## What is expected
Without the pictures, write out all the lines below exactly as they appear.

(Provided data begins)

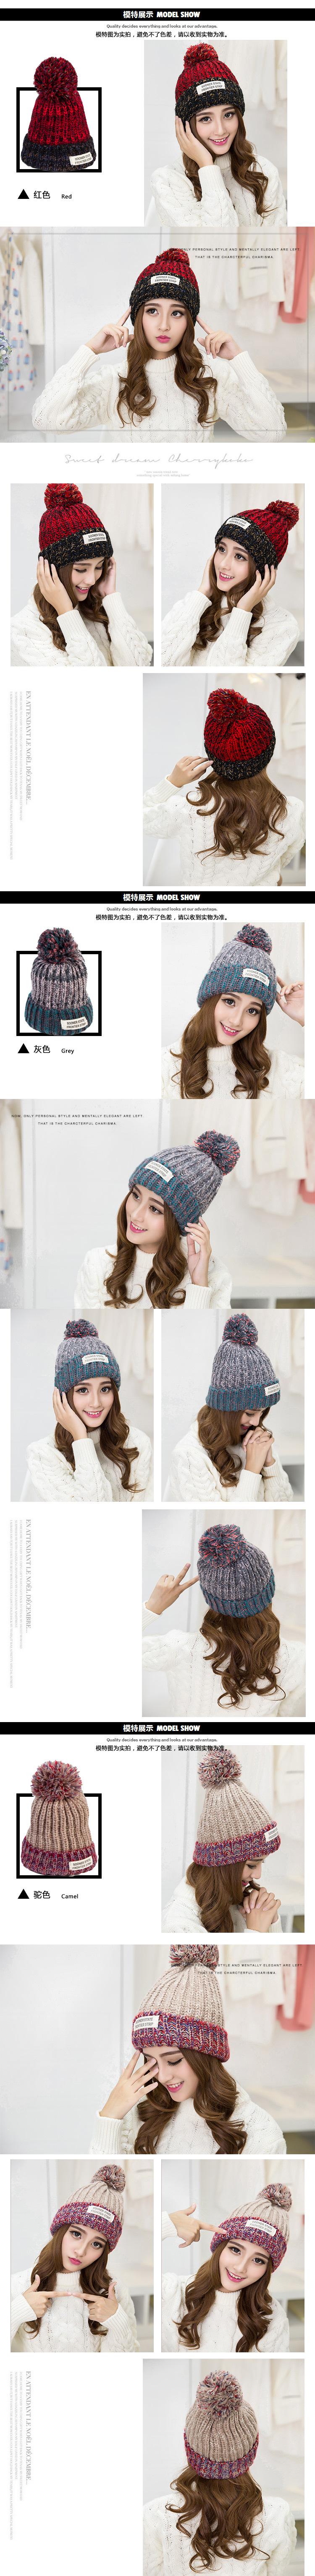 Kesebi 2017 New Hot Fashion Women Koream Winter Labeling Patchwork Caps Hats Female Thick Warm Knitting Casual Skullies Beanies
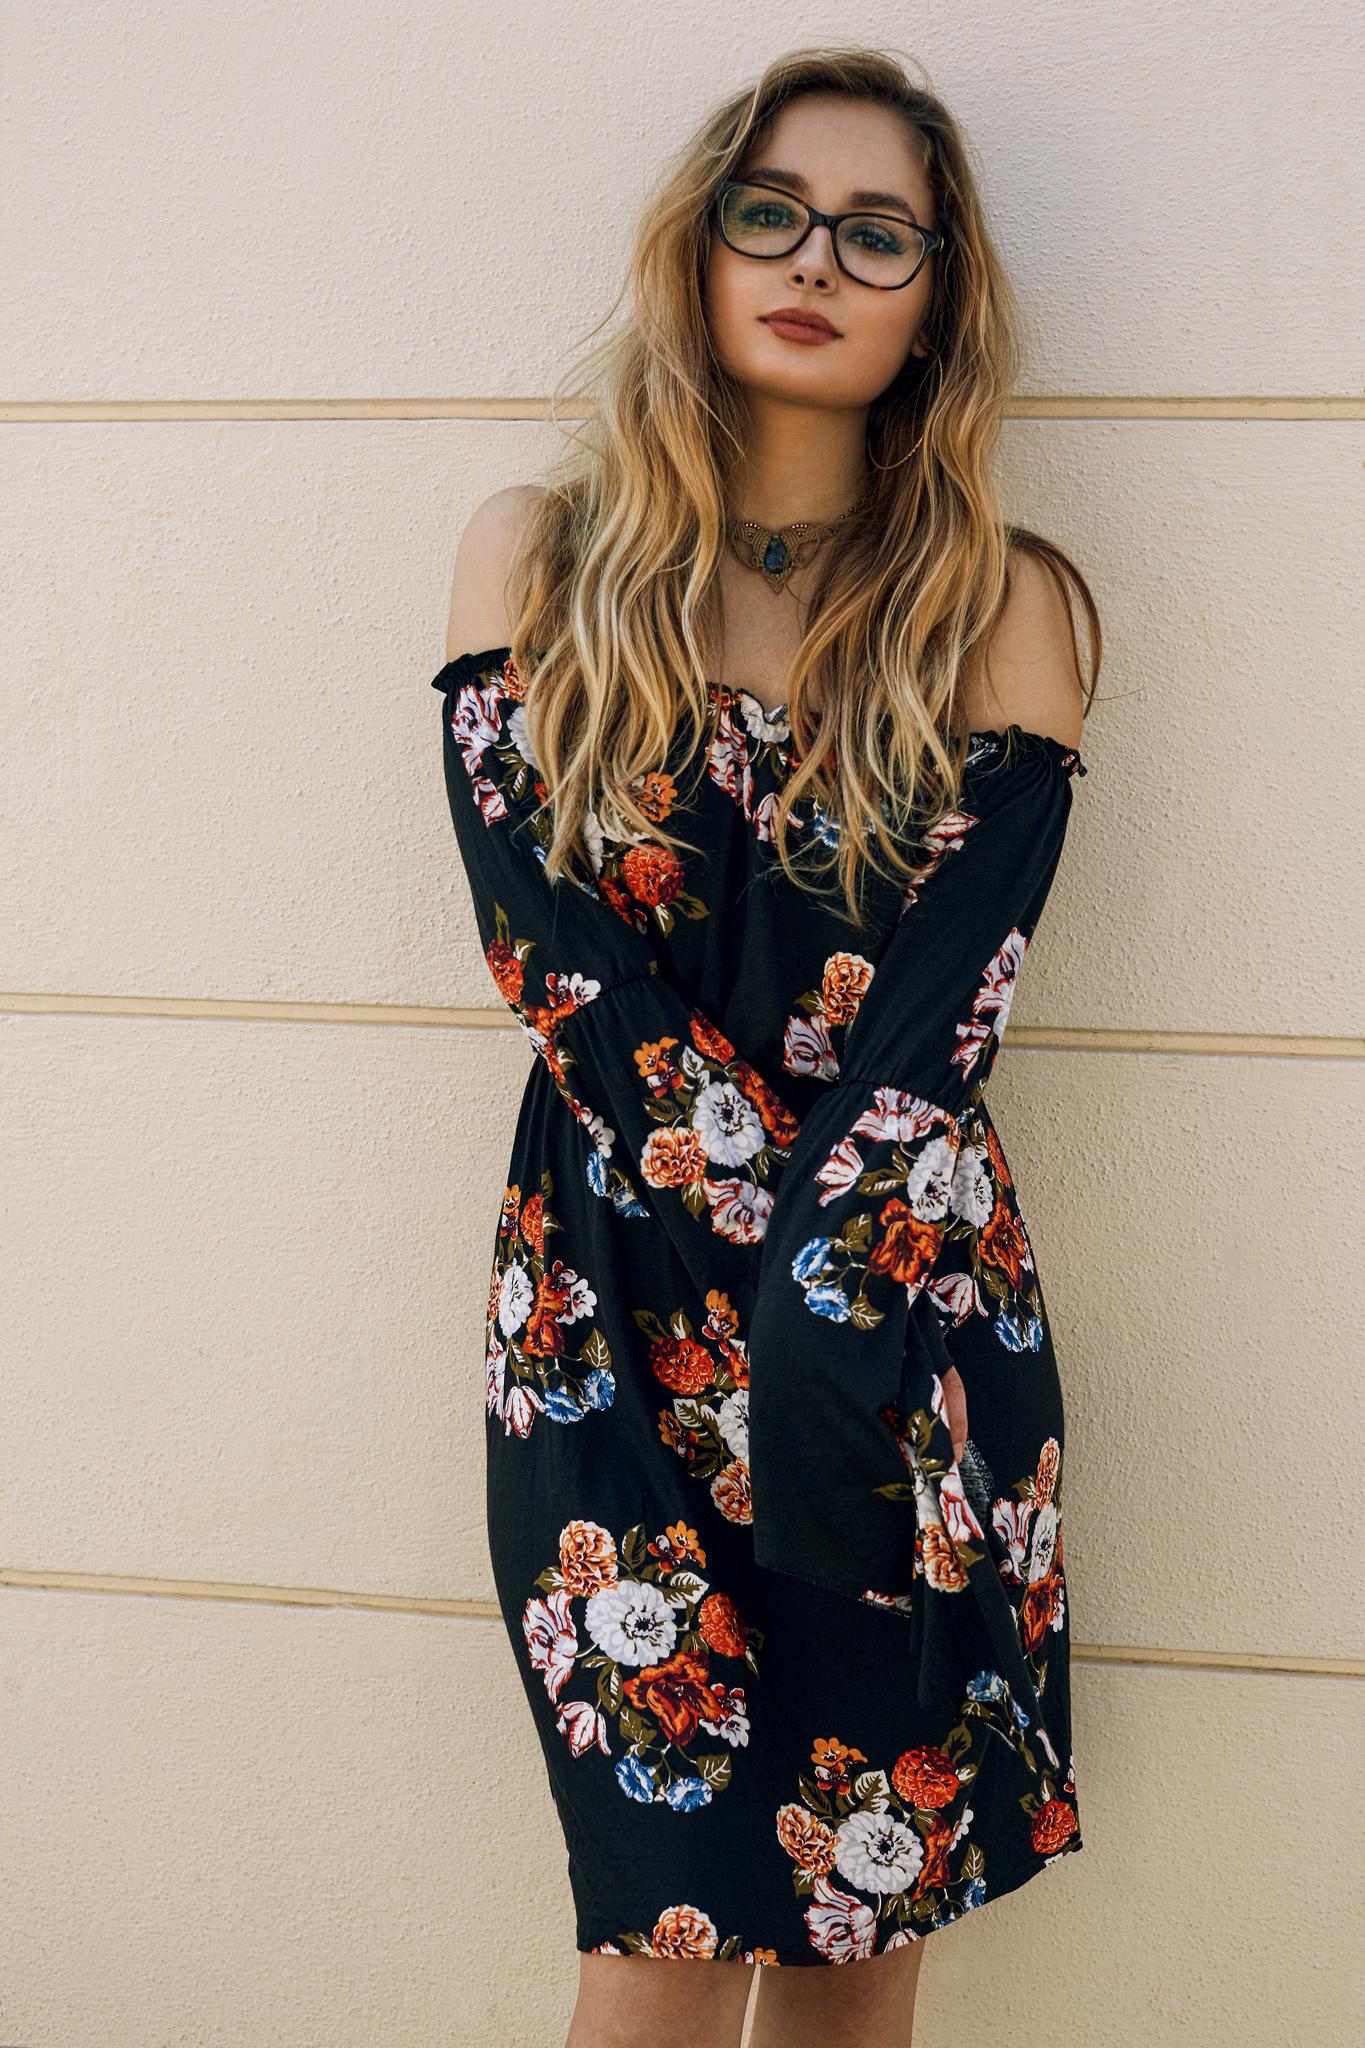 Emily_Fashion_1_Web.jpg
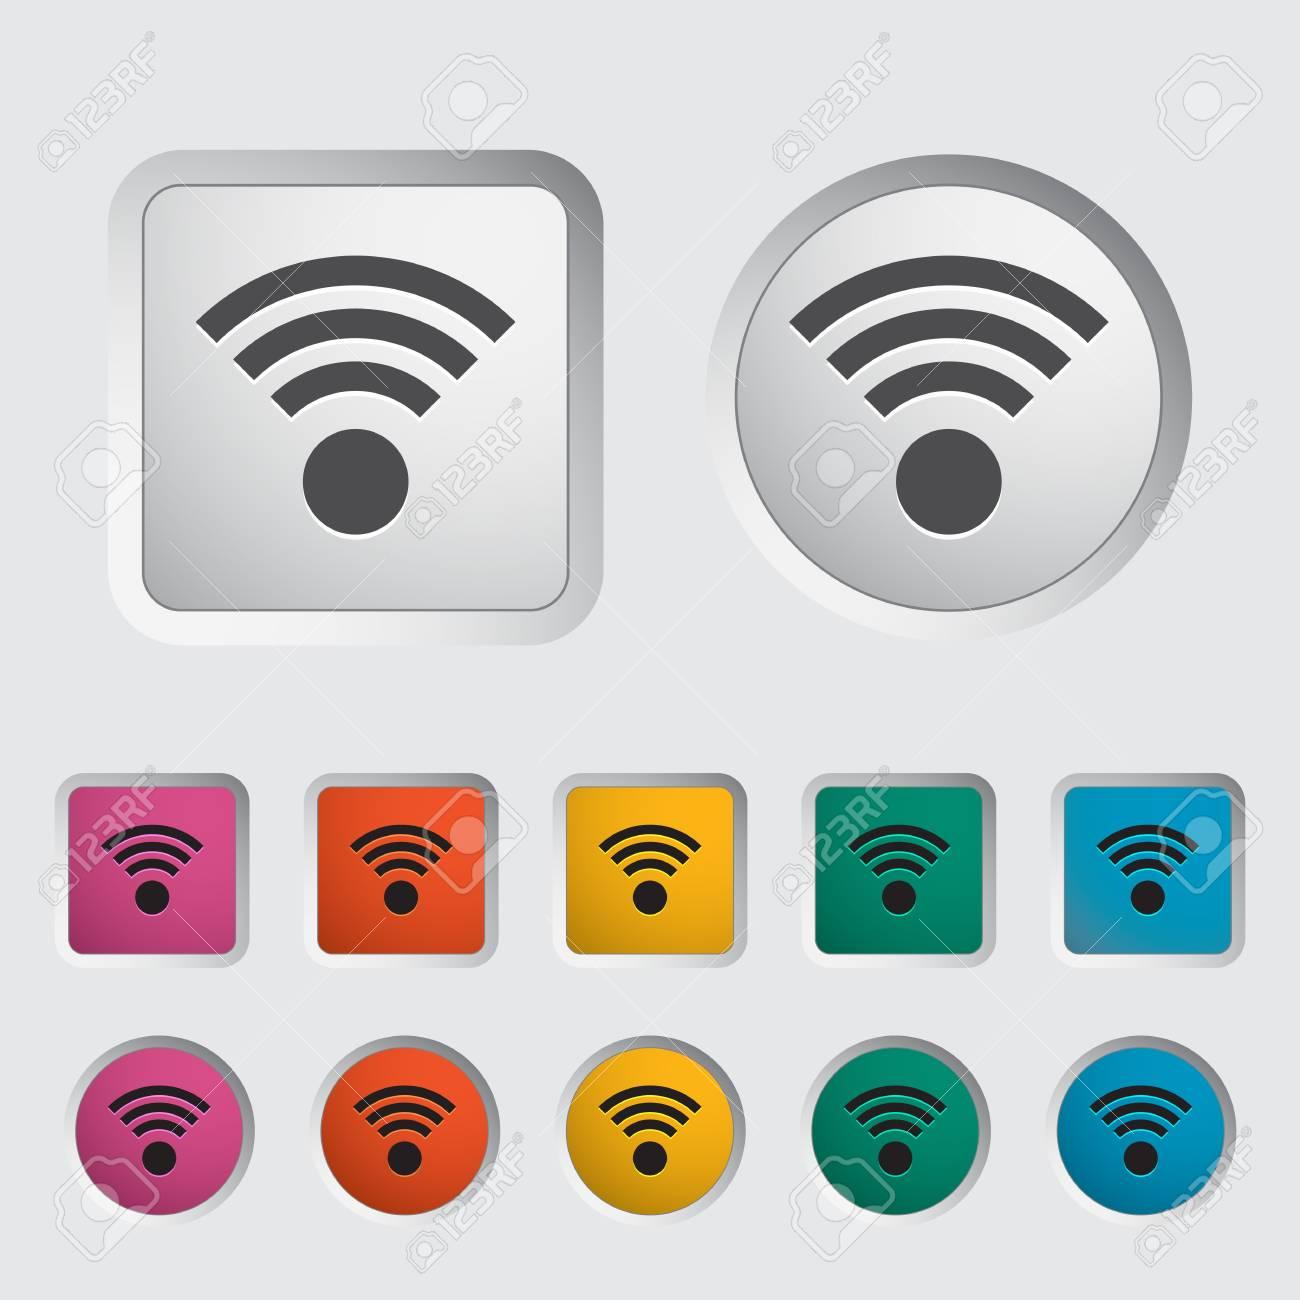 Wireless icon  Vector illustration Stock Vector - 16786608

(Provided data ends)

## Result of this task
 Kesebi 2017 New Hot Fashion Women Koream Winter Labeling Patchwork Caps Hats Female Thick Warm Knitting Casual Skullies Beanies
 Emily_Fashion_1_Web.jpg
 Wireless icon  Vector illustration Stock Vector - 16786608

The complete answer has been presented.